IE: Please provide some background on the study.

Hayat: Pickhardt was at the Department of Defense in 2001 when they conducted a very large-scale trial that was published in December 2003 in the New England Journal of Medicine.2 …When Pickhardt joined the University of Wisconsin, he met with different payors, based on the results of that trial. He explained that, first, in a 1,233-patient trial, VC was proven to be an effective tool for screening, and only 20% to 25% of the population gets screened. Second, in some places, there are waiting lists for VC screening because the gastroenterologists don’t have the capacity.

The business argument was that people are not getting screened, so if we offer a less-invasive procedure, perhaps we can screen more people. Colon cancer can be eliminated in more than 95% of the cases if the screening is done. Pickhardt wanted to show the HMOs in the state of Wisconsin what the results were—that VC had been a successful CT colonography screening program. That’s what this study focuses on—that yes, people are accepting it.

According to Pickhardt, through word of mouth, the University of Wisconsin has actually maxed out its capacity. One of the other [findings] is that because more people are getting screened, they are not decreasing the patient volume for the gastroenterologists. Because more people are coming to the University of Wisconsin, more referrals are being made to gastroenterologists. Also, this whole program has been a success based on the fact that in the near term, more people are getting screened; in the long run, if you save one or two patients and remove polyps before they become cancerous, it’s a huge savings to the insurance company. This is the nation’s first insurance-reimbursed program, and believe me, it seems to be catching on.

IE: Is the payors’ primary incentive the fact that effective screening drives down the money they pay out?

Hayat: Long-term costs, yes. About 55,000 to 100,000 people per year die of colorectal cancer. But with screening, more than 95% is preventable. And they’ve just used VC as an alternate screening method; OC has existed for many years, and it still will be there for patients who need that treatment. But from the economic side, VC screening helps. When talking to general audiences, if you ask people which one they would prefer—a quick CT scan versus an invasive procedure—people prefer VC. So, we set out to prove that it’s economical, effective, and accepted, and, hopefully, it will have wider adoption.

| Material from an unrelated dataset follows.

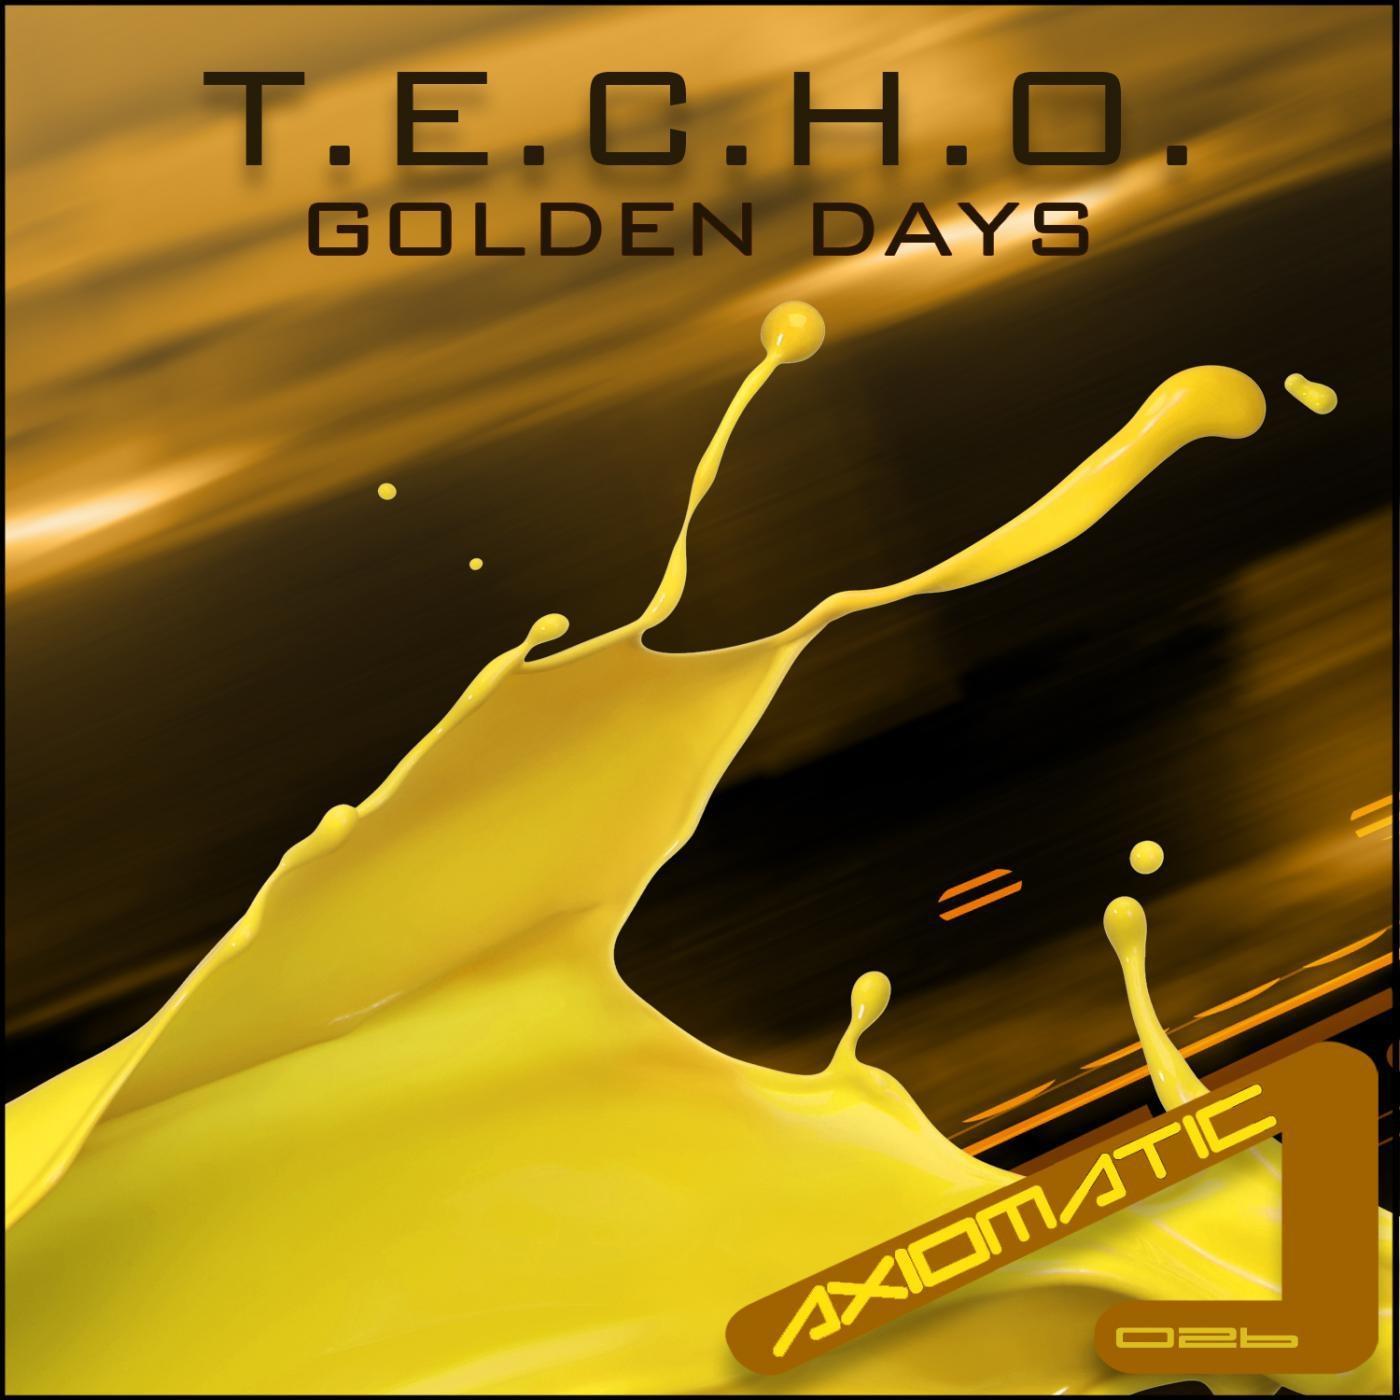 T.E.C.H.O. - Shapes (Original mix)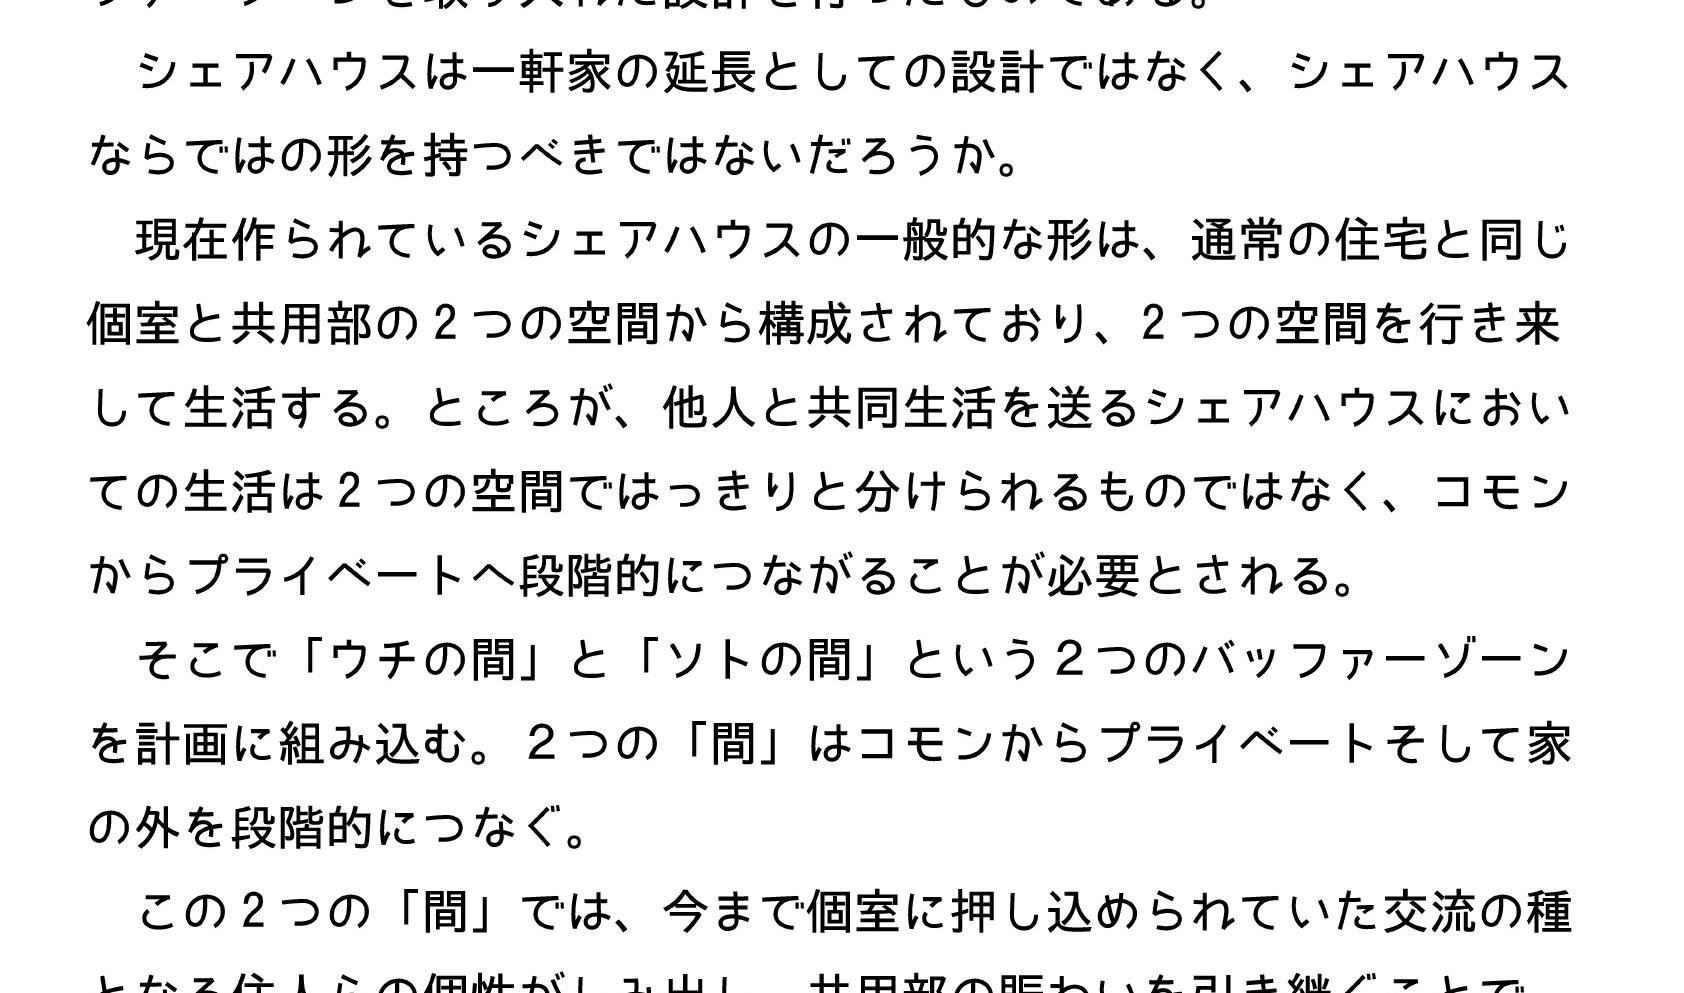 高巣文里_02.jpg

IE: Which carriers participated in the University of Wisconsin study?

Hayat: Physicians Plus Insurance, Unity Health Insurance, and Group Health Cooperative.

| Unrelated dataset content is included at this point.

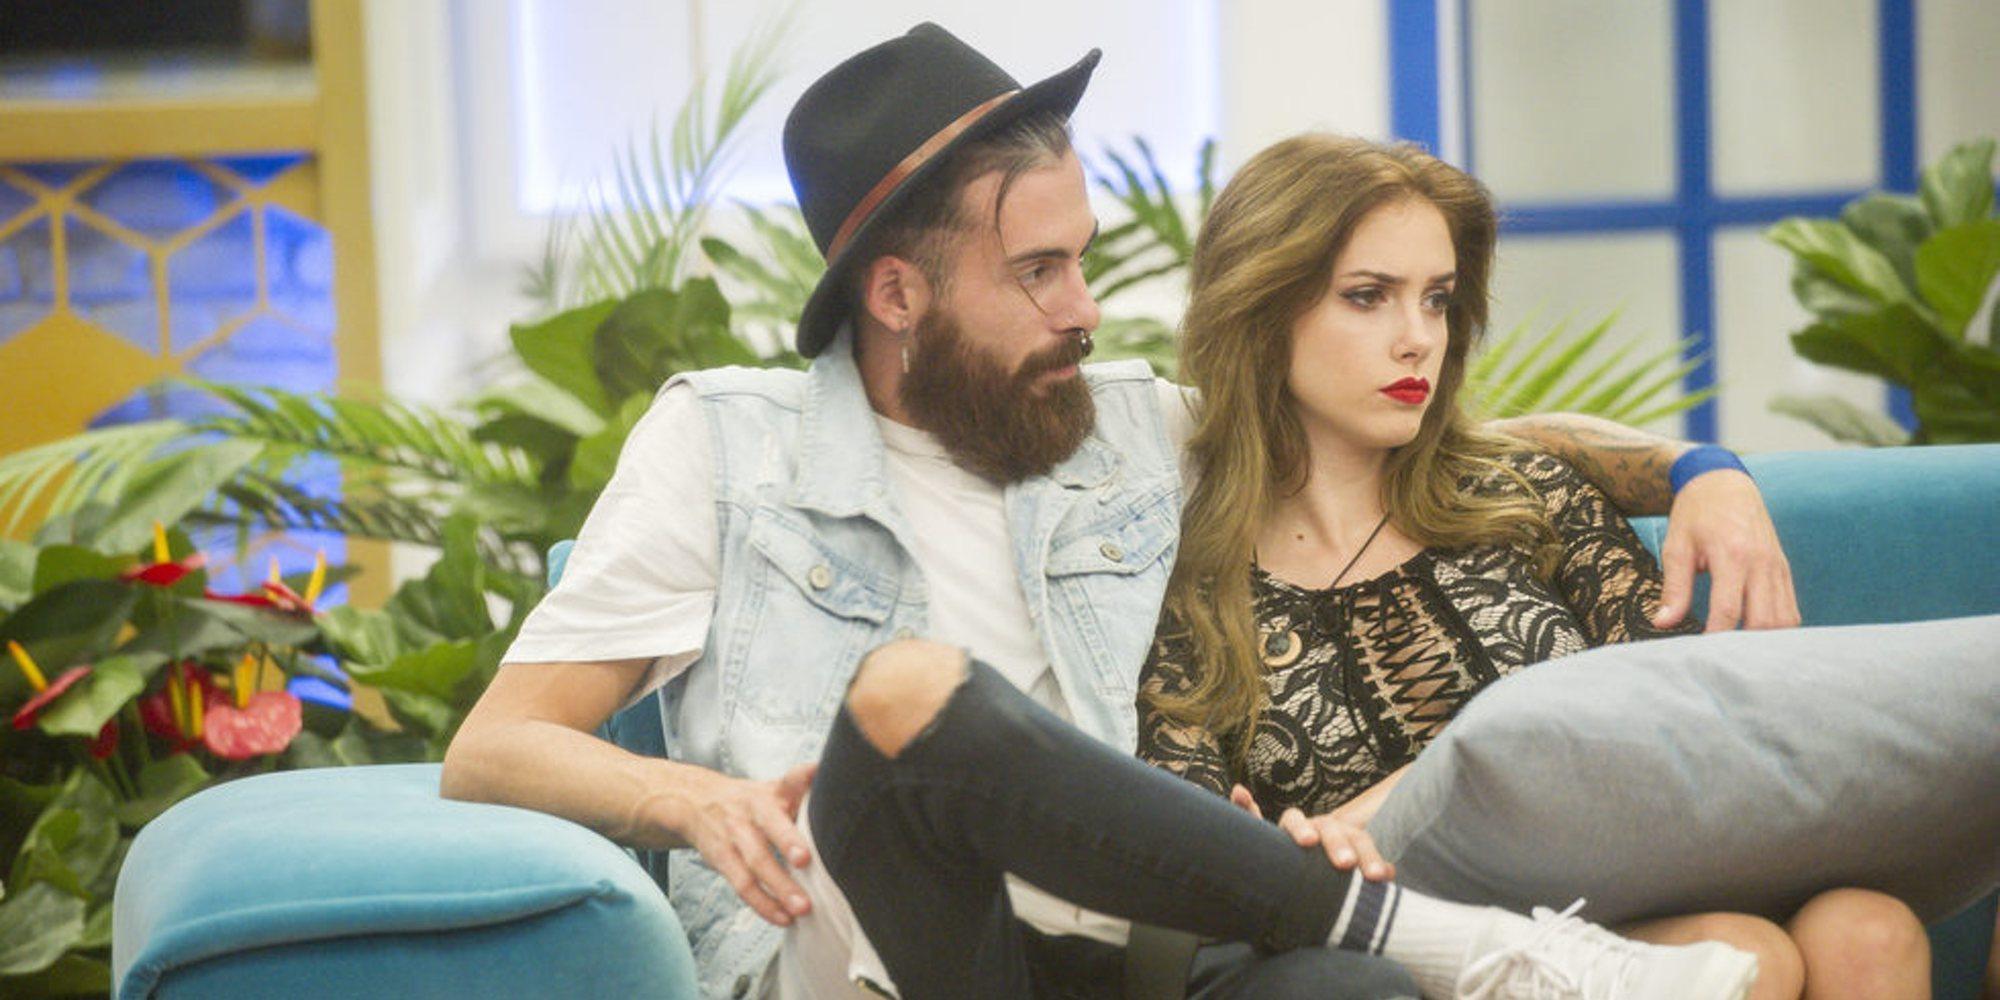 Endemol admite errores en su actuación en la presunta violación de Carlota Prado en 'GH Revolution'

IE: Are you working with providers to negotiate these deals in other states?

Hayat: Yes.

Cat Vasko is associate editor of  Axis Imaging News. For more information, contact .

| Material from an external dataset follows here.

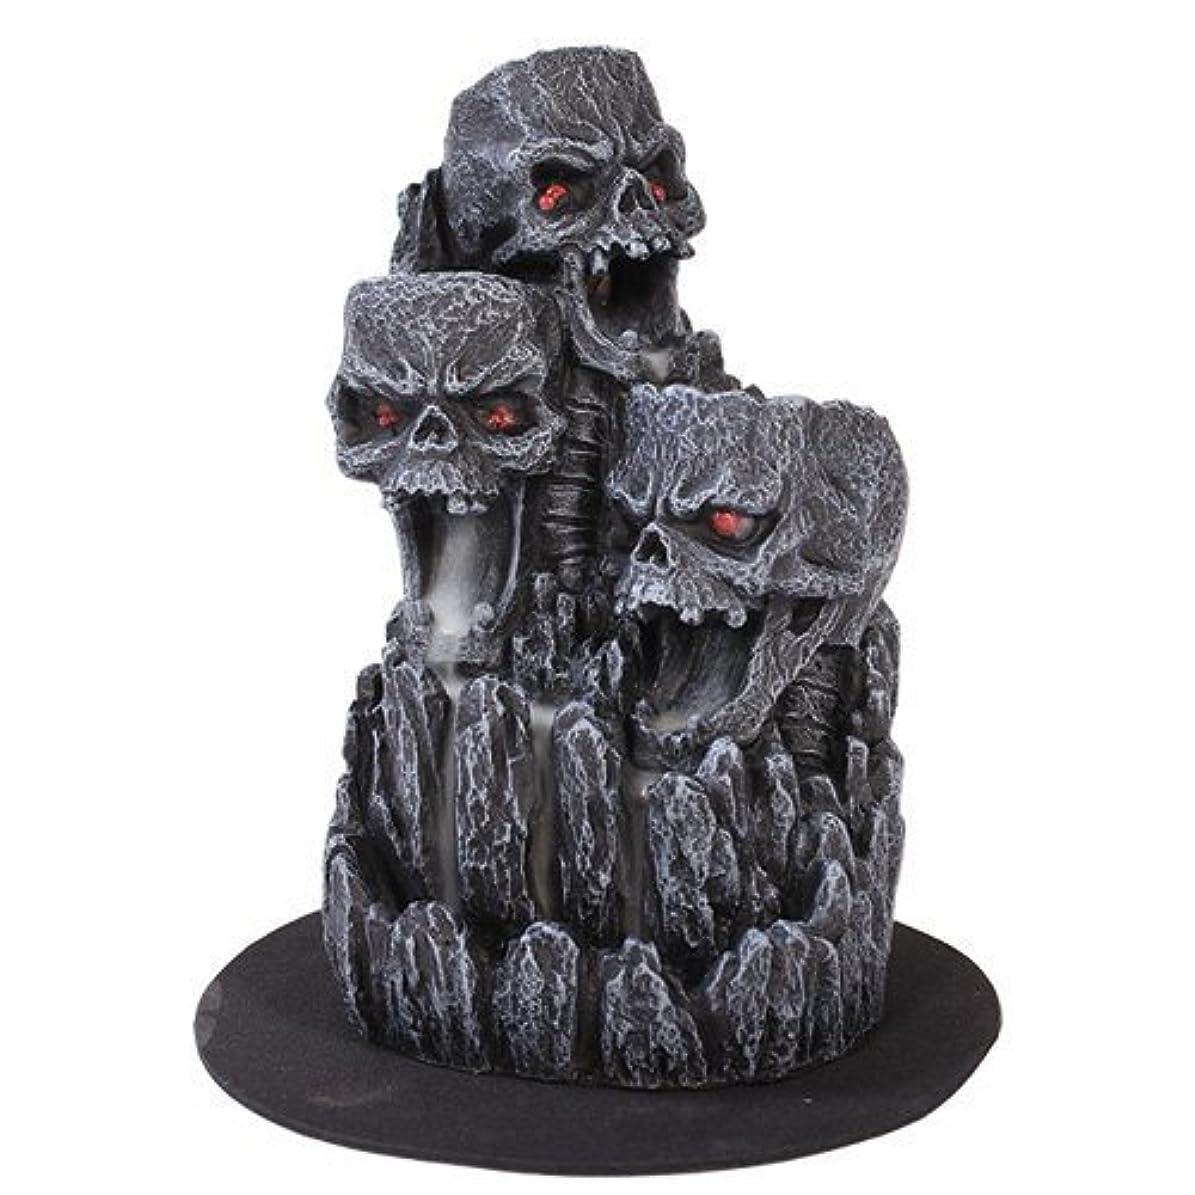 隣人不変創造ゴシックスカル(お香立て)マウンテンタワー オブジェ Gothic Skull Backflow Incense Tower

  1. Pickhardt PJ, Taylor AJ, Kim DH, Reichelderfer M, Gopal DV, Pfau PR. Screening for colorectal neoplasia with CT colonography: initial experience from the 1st year of coverage by third-party payers. Radiology. 2006;241:417–425. Available at: Accessed November 16, 2006.
  2. Pickhardt PJ, Choi JR, Hwang I, et al. Computed tomographic virtual colonoscopy to screen for colorectal neoplasia in asymptomatic adults. N Eng J Med. 2003;349:2191–2200. Available at: Accessed November 16, 2006.